■ **Your assignment**
In the records below, begin at the line containing "Juicy Couture X ASOS hair..." and end at the line containing "Kootenay Real Estate"; quote every line in that span exactly, including both boundary lines, and no others.

■ **Dataset content**

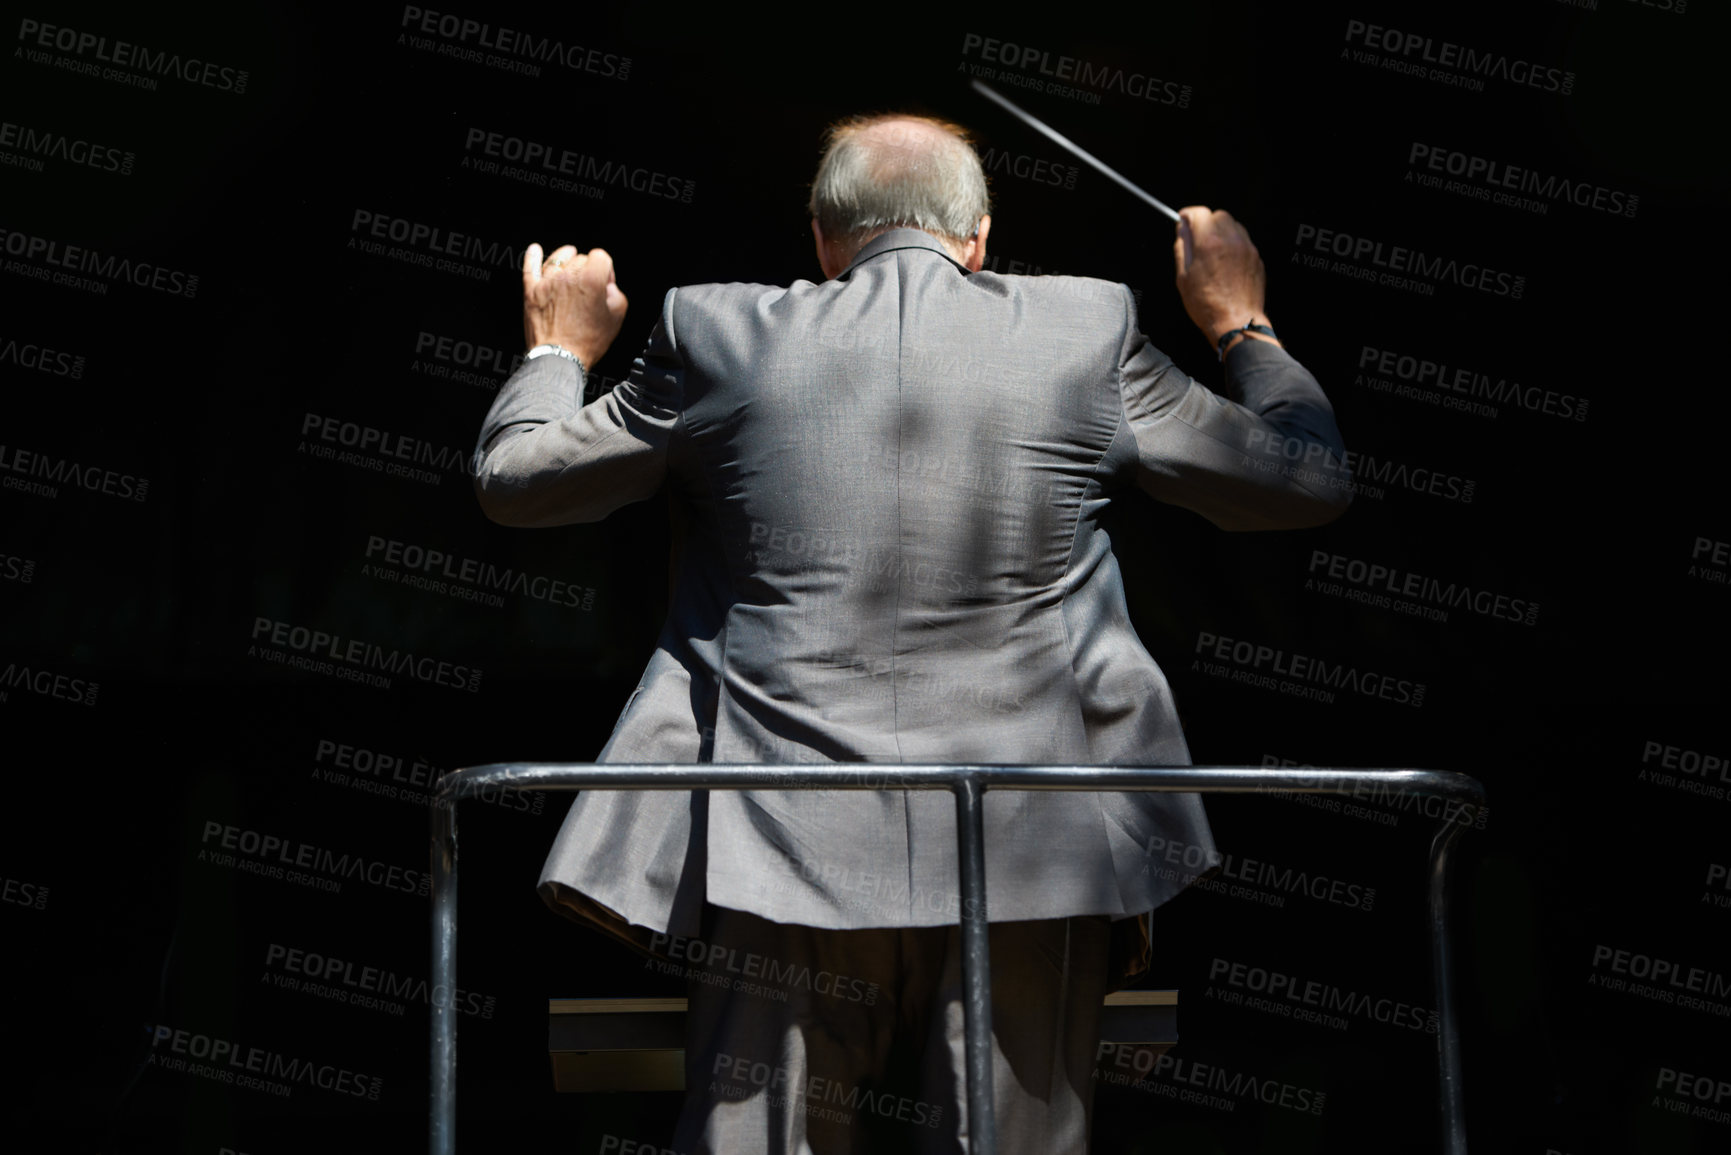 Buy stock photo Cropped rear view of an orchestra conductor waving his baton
==
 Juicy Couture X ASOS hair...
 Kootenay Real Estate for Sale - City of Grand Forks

■ **Solution for this exercise**
 Juicy Couture X ASOS hair...
 Kootenay Real Estate for Sale - City of Grand Forks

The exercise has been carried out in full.